◆ **Aim of the exercise**: Please set out each line below exactly as it stands, without the images.

◆ **Given data**:
******

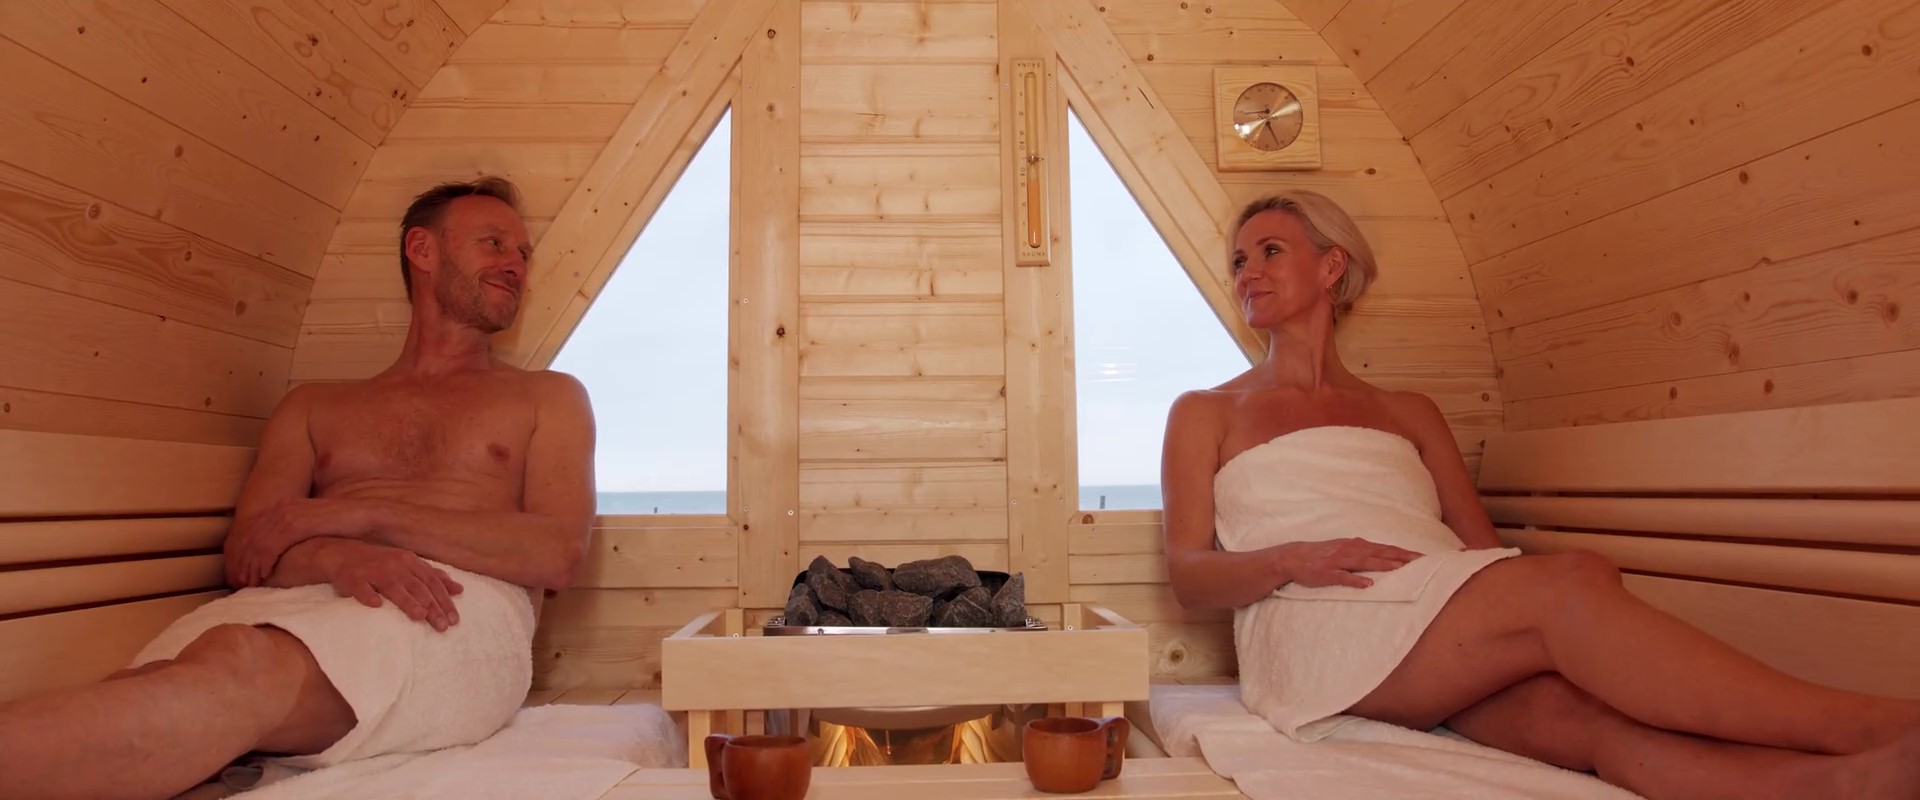 Frau und Mann im Saunafass beim saunieren
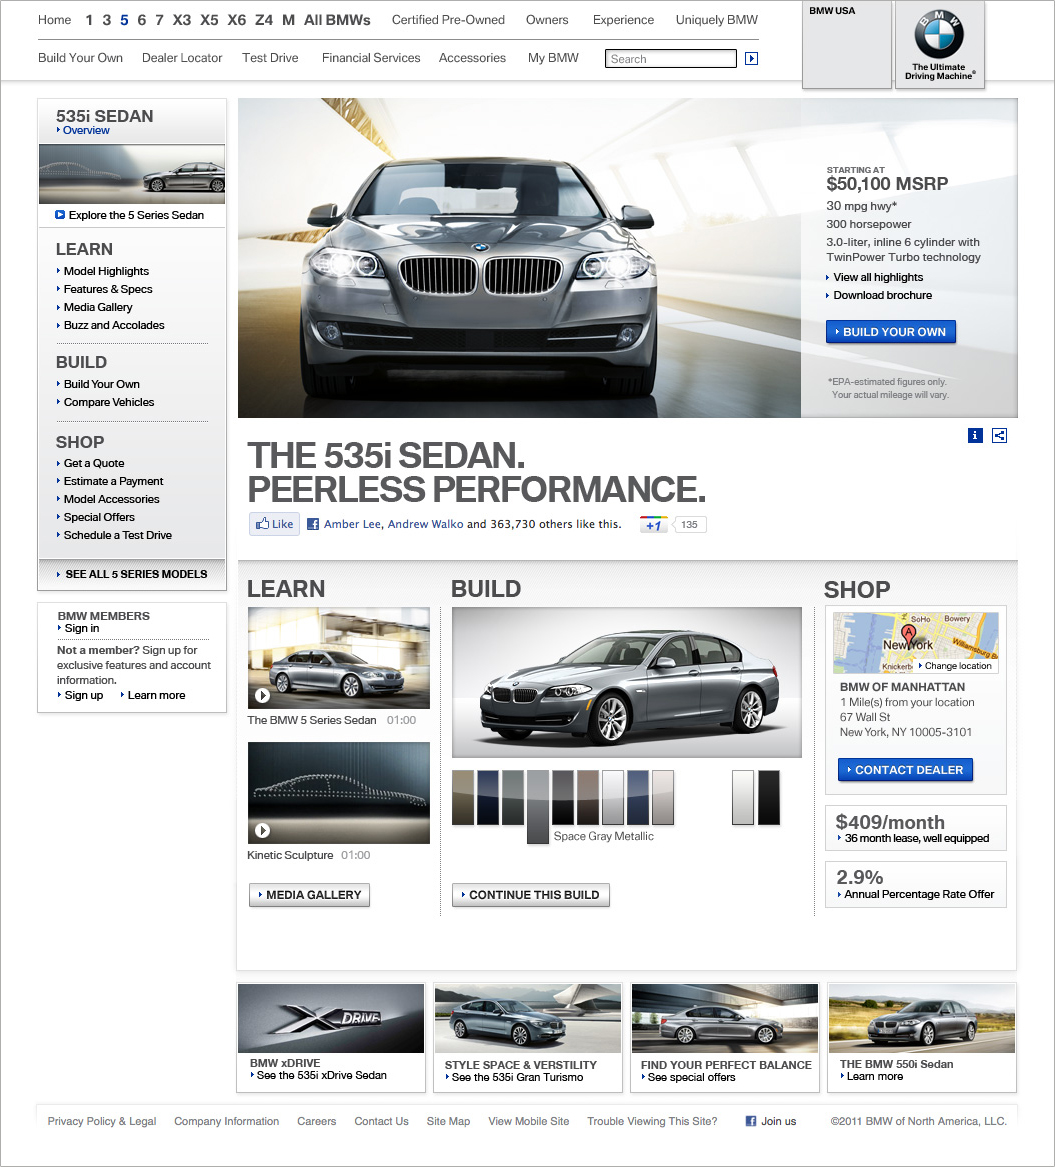 BMWusa.com
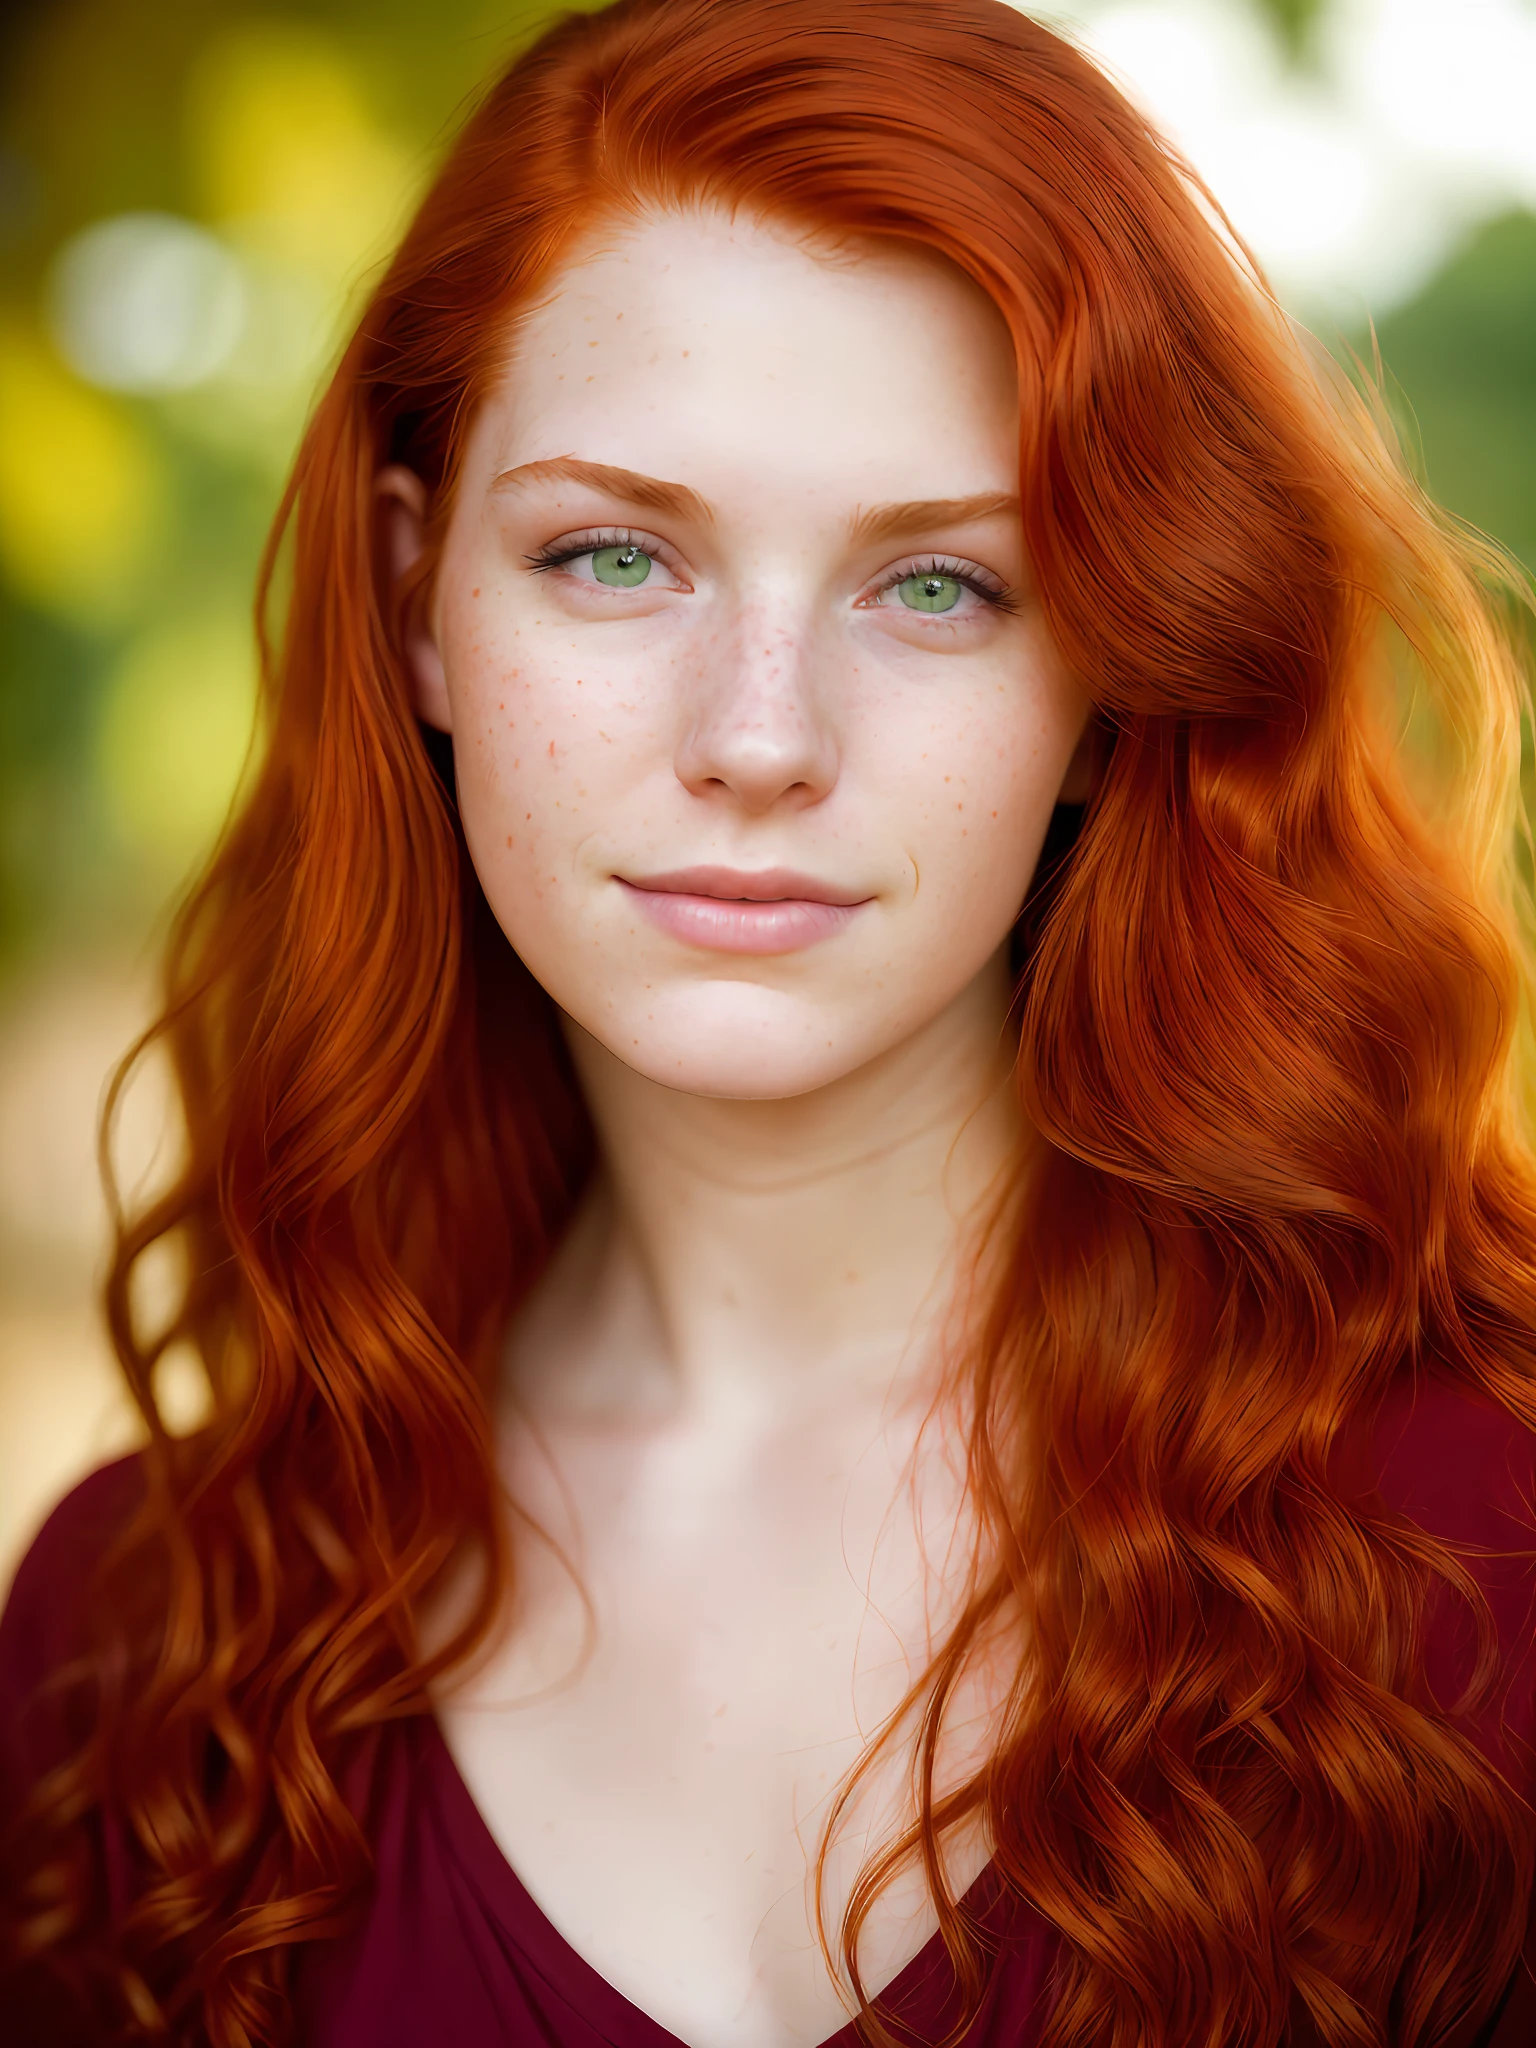 (Портрет, фотография редакционной студии, 20-летняя женщина) (красные волосы , идеальные зеленые глаза) (Очень детализированное лицо:1.4) (счастливая ухмылка:0.9) (съемка естественной красоты) (фон студия темный:1.3), Стив МакКарри, Кэнон М50,  Ф1.8 ,гиперреалистичный ,реалистичная текстура, трехточечное освещение , отмеченное наградами фото,

******

◆ **Written answer**:
 Frau und Mann im Saunafass beim saunieren
 BMWusa.com
 (Портрет, фотография редакционной студии, 20-летняя женщина) (красные волосы , идеальные зеленые глаза) (Очень детализированное лицо:1.4) (счастливая ухмылка:0.9) (съемка естественной красоты) (фон студия темный:1.3), Стив МакКарри, Кэнон М50,  Ф1.8 ,гиперреалистичный ,реалистичная текстура, трехточечное освещение , отмеченное наградами фото,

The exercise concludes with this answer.